Mycobacteria and human heat shock protein-specific cytotoxic T lymphocytes in rheumatoid synovial inflammation.

Author information

1
Institute of Immunology and Rheumatology, University of Oslo, Norway.

Abstract

OBJECTIVE:

To study the cytotoxic capacity of mycobacteria-specific T lymphocyte lines and clones from sites of inflammation in patients with rheumatoid arthritis (RA). We also studied antigen specificity, surface phenotype, expression of T cell receptors (TCR), and HLA restriction.

METHODS:

Autologous macrophages (M phi) from the synovial membrane (SM), synovial fluid (SF), or peripheral blood (PB) were used as target cells in cytotoxicity assays.

RESULTS:

All SM and SF cell lines tested thus far have shown specific lysis of the autologous M phi from SM or PB that had been pulsed with BCG (bacillus Calmette-Guerin), but no cytotoxicity when the targets were pulsed with irrelevant antigens such as tetanus toxoid and Chlamydia.

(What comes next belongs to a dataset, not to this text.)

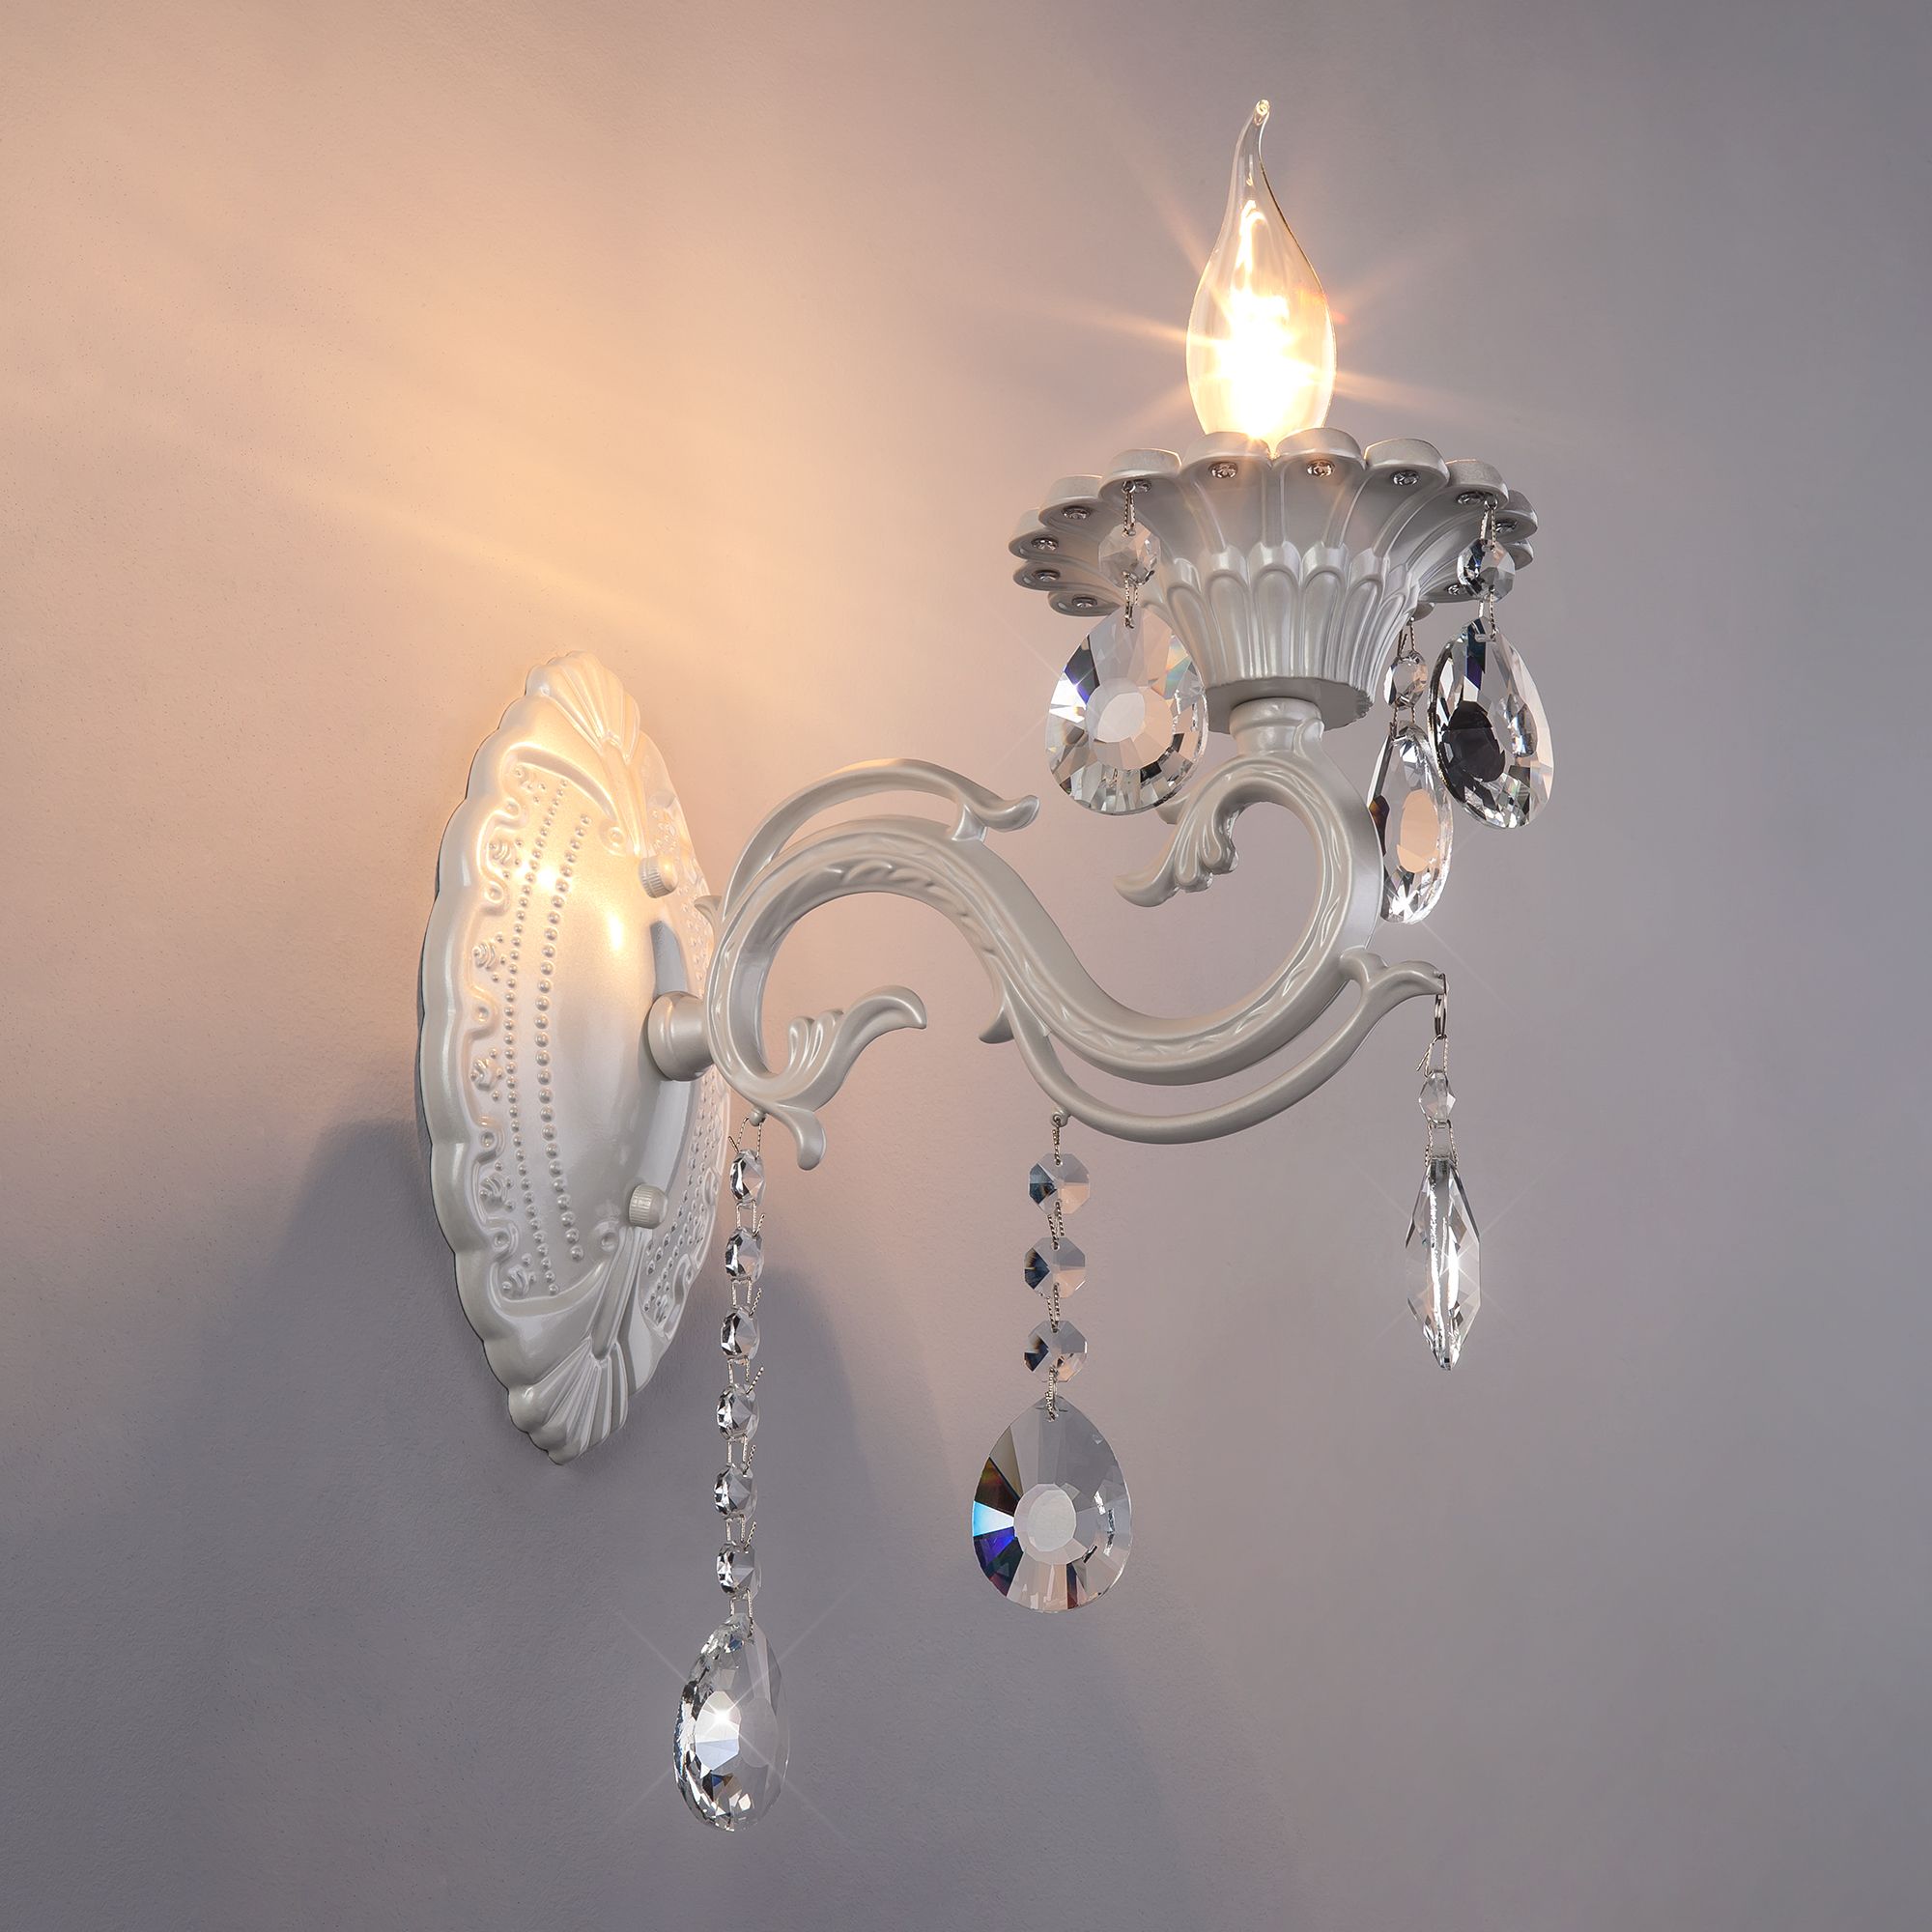 Настенный светильник с хрусталем Bogate's Tivoli 294/1 белый. Фото 3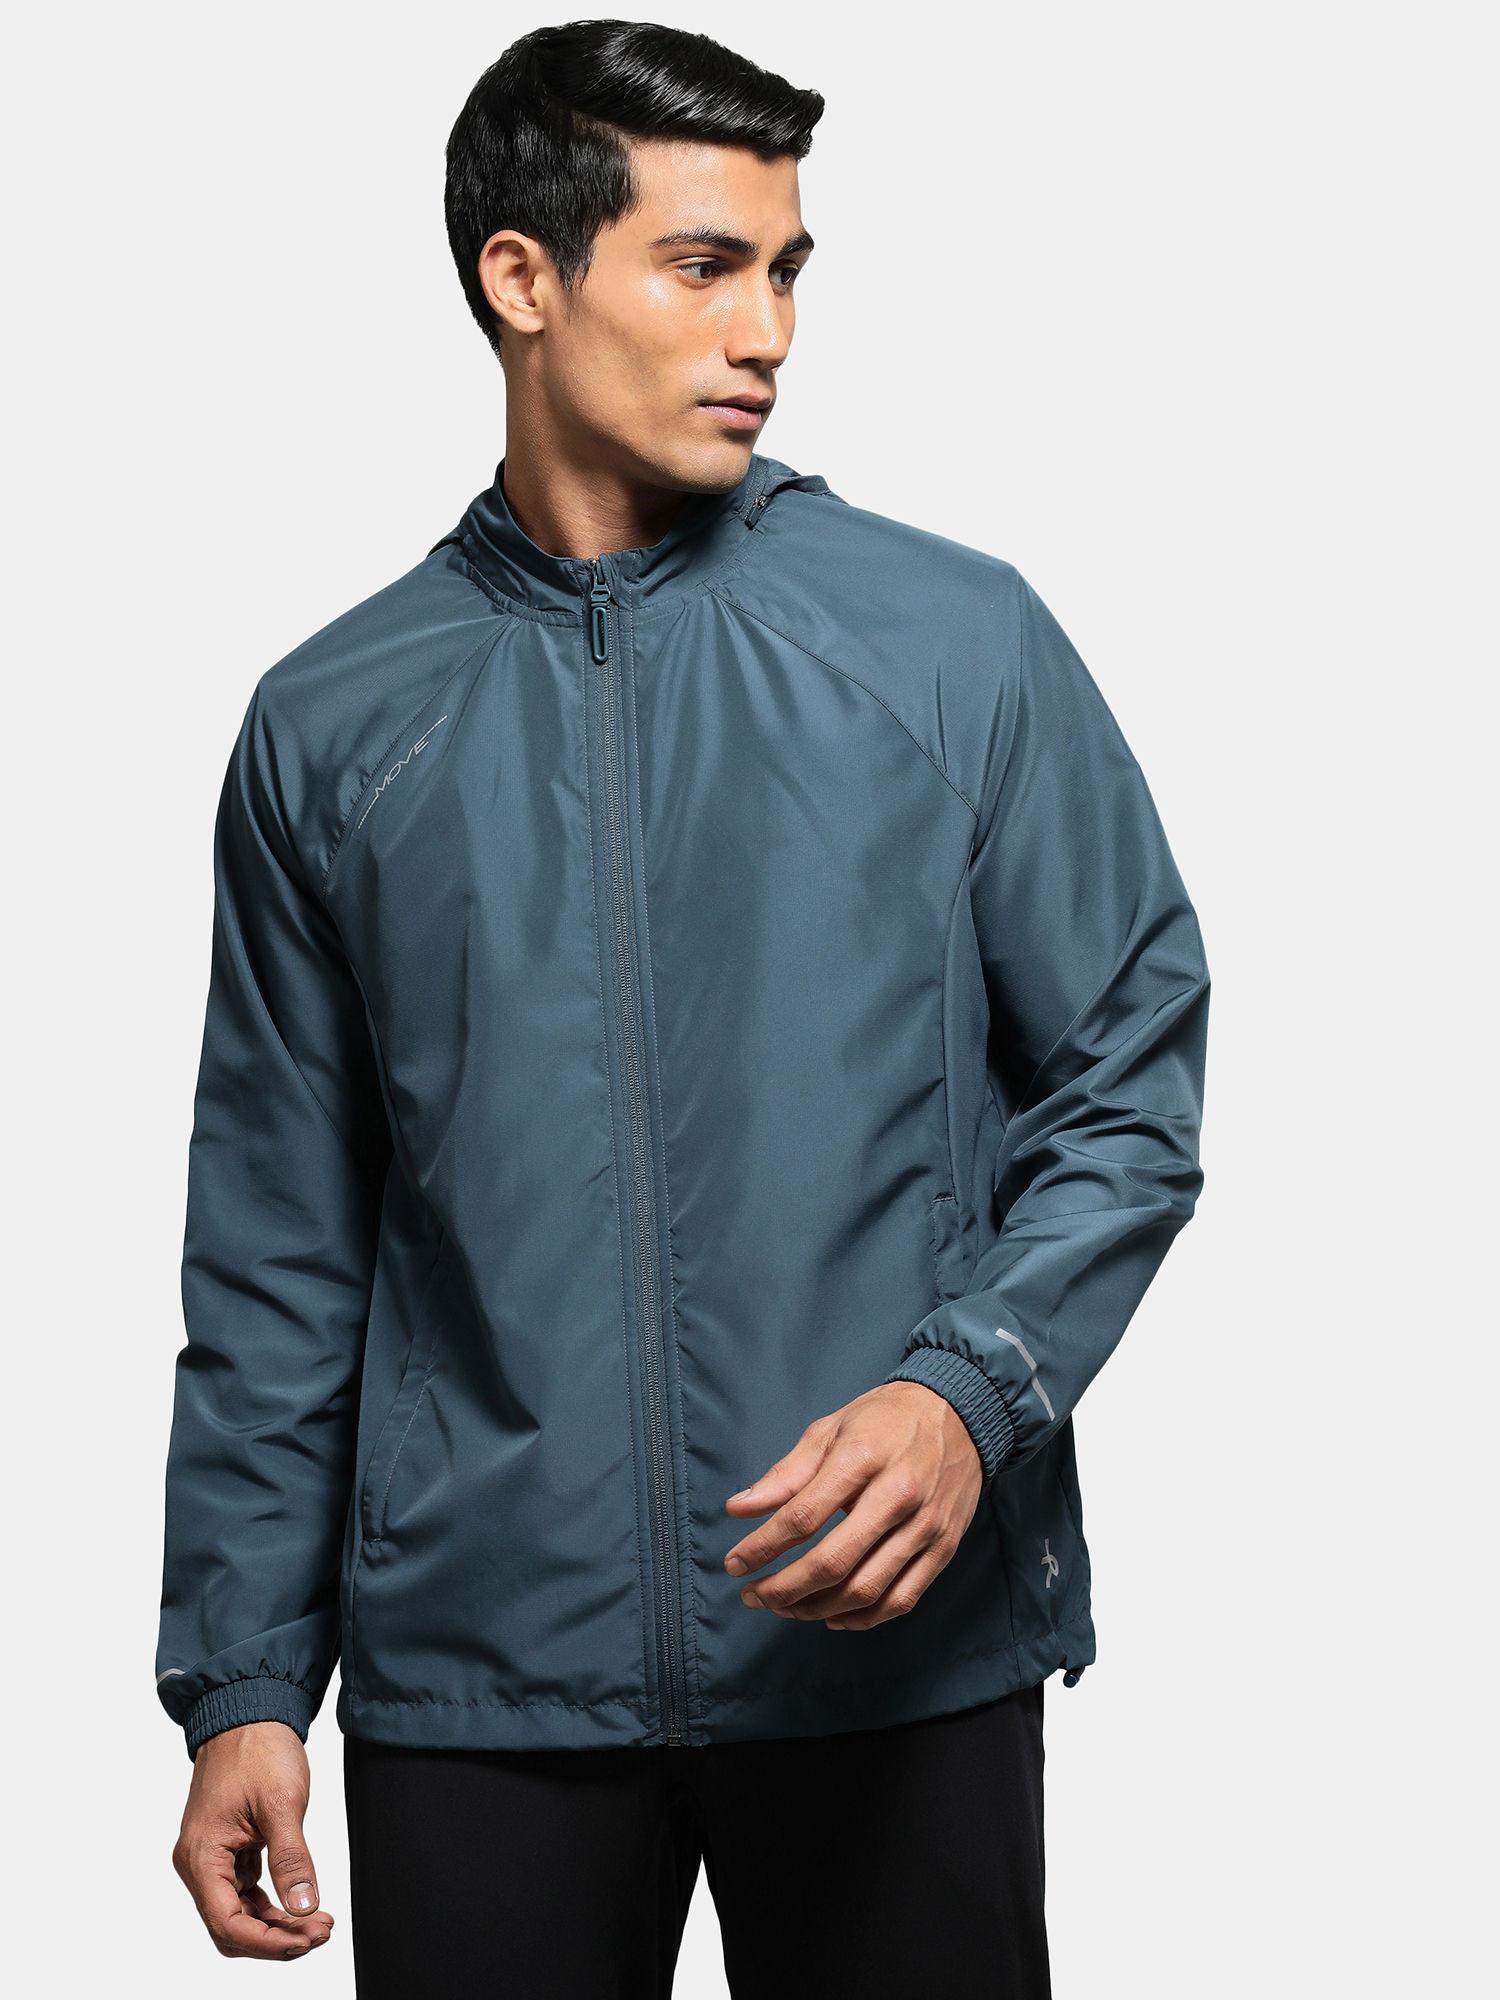 mv40 mens microfiber water resistant convertible hoodie jacket-mid night navy

Both CD4+ and CD8+ cells were shown to be involved in the specific cytolysis. The majority of the cytotoxic T lymphocyte (CTL) lines were TCR alpha/beta + cells. However, both TCR alpha/beta + and TCR gamma/delta + clones (TCR delta 1+) from one RA patient showed antigen-specific lysis. Antigen-specific recognition by a number of CTL lines and clones generated from SF and SM was restricted by HLA-DR molecules. Two Mycobacterium bovis 65-kd heat shock protein (HSP)-specific TCR alpha/beta + SF T cell clones also lysed M phi that had been pulsed with a recombinant human 65-kd HSP.

CONCLUSION:

Joint inflammation and destruction might be partly attributable to a cross-reaction of mycobacteria-induced cytotoxic T cells with self HSP.

PMID:
1371388
DOI:
10.1002/art.1780350305
[Indexed for MEDLINE]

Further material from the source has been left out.